Когда Смеляков вошёл к Ёркину, на душе было спокойно – Антонина Ивановна сделала своё дело. Высокий мужчина с гладко зачёсанными назад седыми волосами стоял спиной к двери и убирал какую-то папку в шкаф.

– Здравия желаю, товарищ генерал… Ёркин закончил с бумагами и сел за стол.

– Добрый день, – сказал он.

Внимательным взглядом окинув Смелякова, он очень доброжелательно спросил:

– Что у вас?

Смеляков доложил. Ёркин взял бумагу, прочитал задание.

«Сейчас всё по новой пойдёт. Опять лекция о трудностях наружки», – мучительно подумал Виктор.

– Ты сколько работаешь в розыске? – поинтересовался генерал.

– Чуть больше месяца.

– Что ж, могу только порадоваться за твоё руководство… – И добавил, увидев удивлённый взгляд Смелякова: – Если тебе, оперу, проработавшему всего месяц, удалось пробить задание на наружное наблюдение, то я с большим удовольствием подписываю его тебе…

* * *

– Здравствуйте, – сказал Сидоров, входя в квартиру, и показал своё удостоверение. Твёрдыми глазами ощупал стоявшего перед ним мужчину и спросил: – Рассказывайте, что у вас стряслось?

Хозяин чуть попятился, пропуская вошедших милиционеров, и махнул рукой в сторону комнаты.

– Там…

Смеляков шагнул следом за Сидоровым и оказался в тесном помещении, почти клетушке, где плотно друг к другу стояли шкаф-стенка, диван, детская кроватка и небольшой стол.
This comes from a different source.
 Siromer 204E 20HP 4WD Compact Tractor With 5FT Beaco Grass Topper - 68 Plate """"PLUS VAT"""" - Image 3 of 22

К спинке дивана была прикреплена деревянная полка, служившая, судя по всему, ещё одним спальным местом. На этой доске лежал десятилетний мальчик, всё его худенькое тельце было покрыто яркими пунцовыми полосами – следами от ударов ремня, кое-где кожа вздулась и полопалась, застыв кровавой пеной. Сидоров протянул руку и пощупал пульс.

– Он умер! – раздался женский крик из кухни, затем послышались захлёбывающиеся рыдания.
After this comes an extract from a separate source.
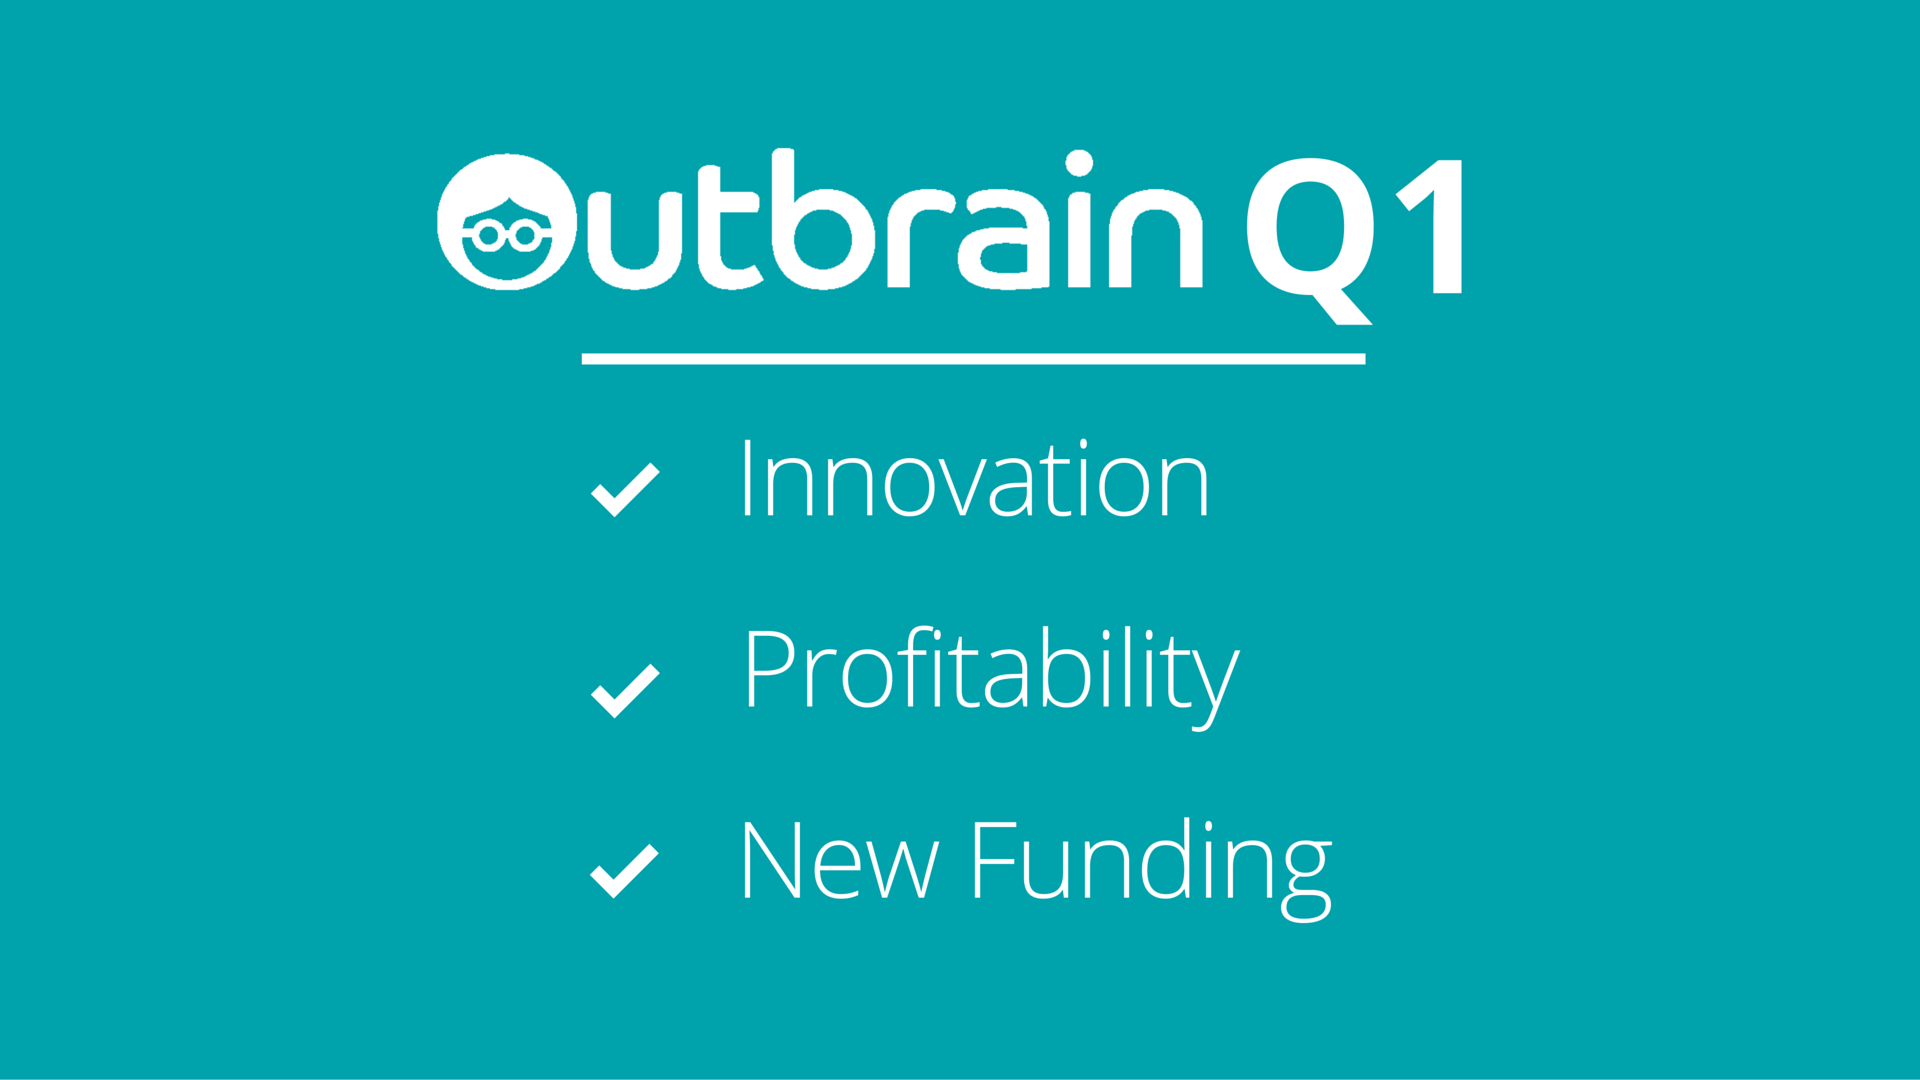 Outbrain Q1 Results_2016

– Вот так… – растерянно пробормотал хозяин квартиры.

– Пульса нет, – констатировал капитан и повернулся к хозяину: – Как вас величать?
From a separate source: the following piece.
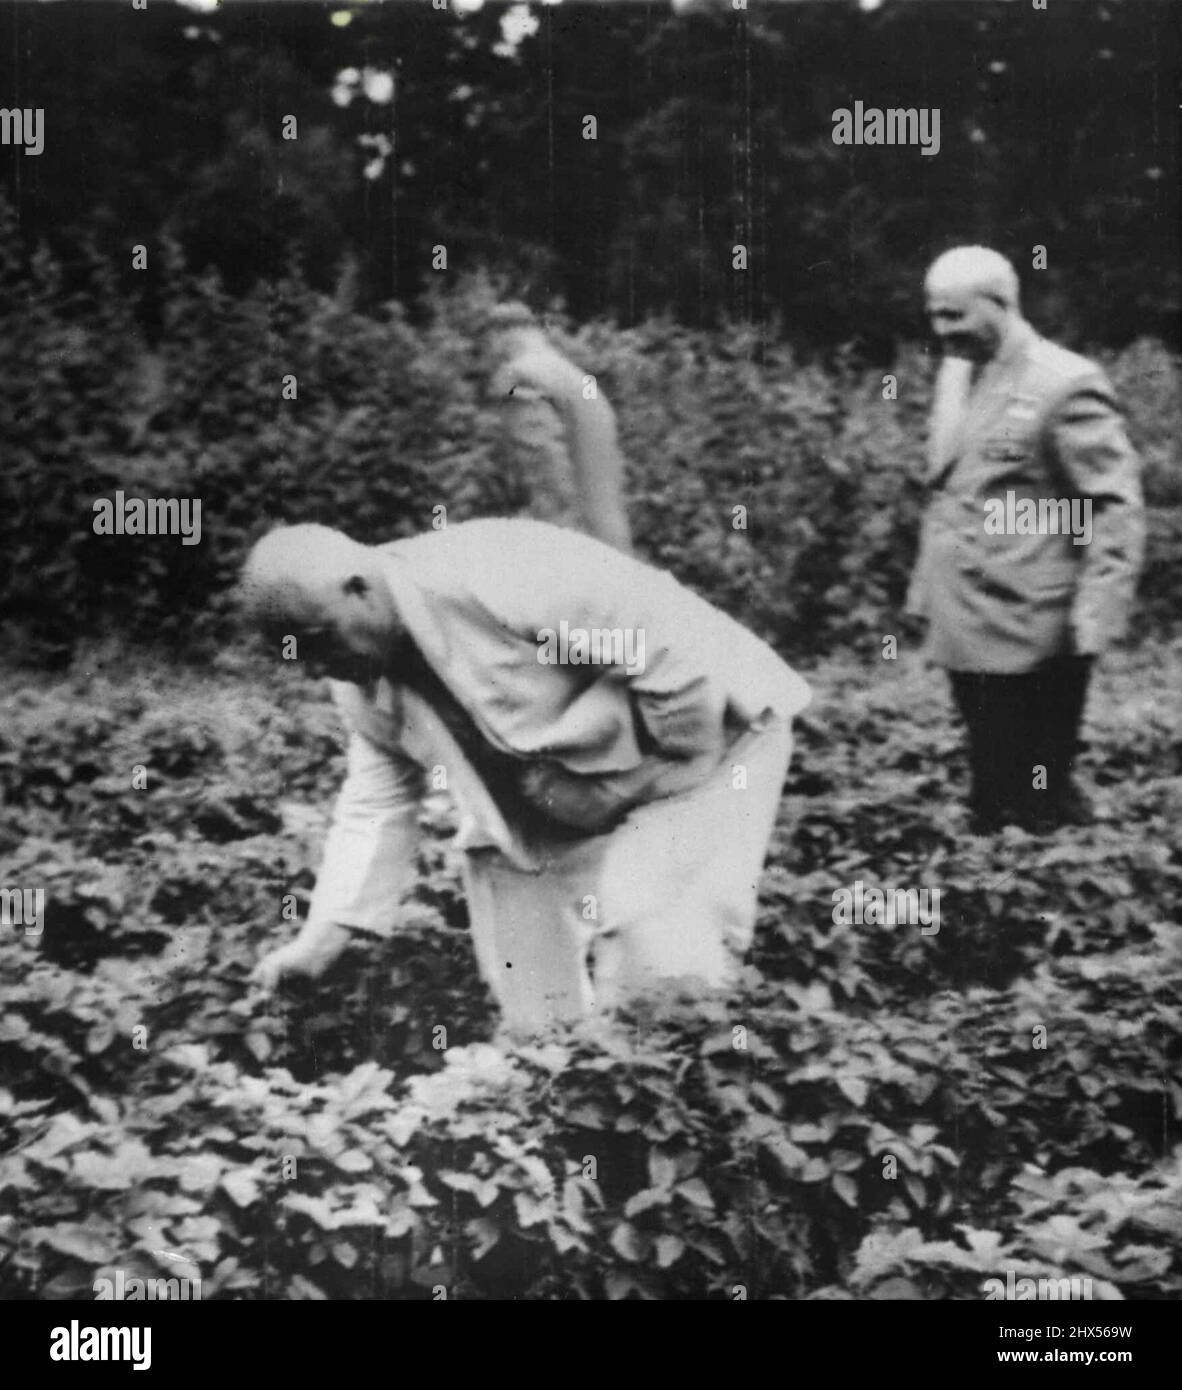 Strawberry Time in Moscow - White-Suited Nikita Khrushchev bends to pick wild Strawberries at Semyonovskaya, the summer residence where Marshal Bulganin Entertained western diplomats at a Sunday garden party, August 7. Behind is Marshal Ivan Koniev, the Soviet Wartime Commander. August 24, 1955. (Photo by Associated Press Photo). Stock Photo

– Николай. – У него было сухое лицо с впалыми щеками и жёсткой складкой губ. – Николай Трофимович Байков.

– Вот что, Николай Трофимович. Сын ваш скончался… Я вызываю понятых. Будем составлять протокол. Виктор, сходи к соседям.

Из кухни опять долетел жуткий вой.

– Жена… – объяснил Байков, глядя в пол.

Виктор вышел в коридор и увидел на кухне женщину.

Она сидела за столом, мокрая и красная от слёз, и крепко прижимала к груди маленького ребенка, будто кто-то хотел его у неё отобрать.

«Сумасшедший дом какой-то, – подумал Смеляков, чувствуя, как от невыносимого давления окружающей обстановки у него начала болеть голова. – И это наша жизнь?..»

Когда пришли понятые, Виктор сел за стол заполнять бумаги.

– Что произошло? – спросил Сидоров, накрывая мёртвого мальчика простынёй. – Давайте по порядку. Это ваших рук дело, гражданин Байков? Вы избили сына?

– Это сын моей жены. От первого брака, – глухо, словно стараясь спрятать голос поглубже в себя, ответил Николай. Его глаза приковались к исполосованному ремнём тельцу.

– Я задал вам вопрос: вы исхлестали мальчика?

– Да.

– Как это случилось?

– Я наказал его…

– Наказали? – не выдержал Смеляков. – Да вы до смерти запороли его!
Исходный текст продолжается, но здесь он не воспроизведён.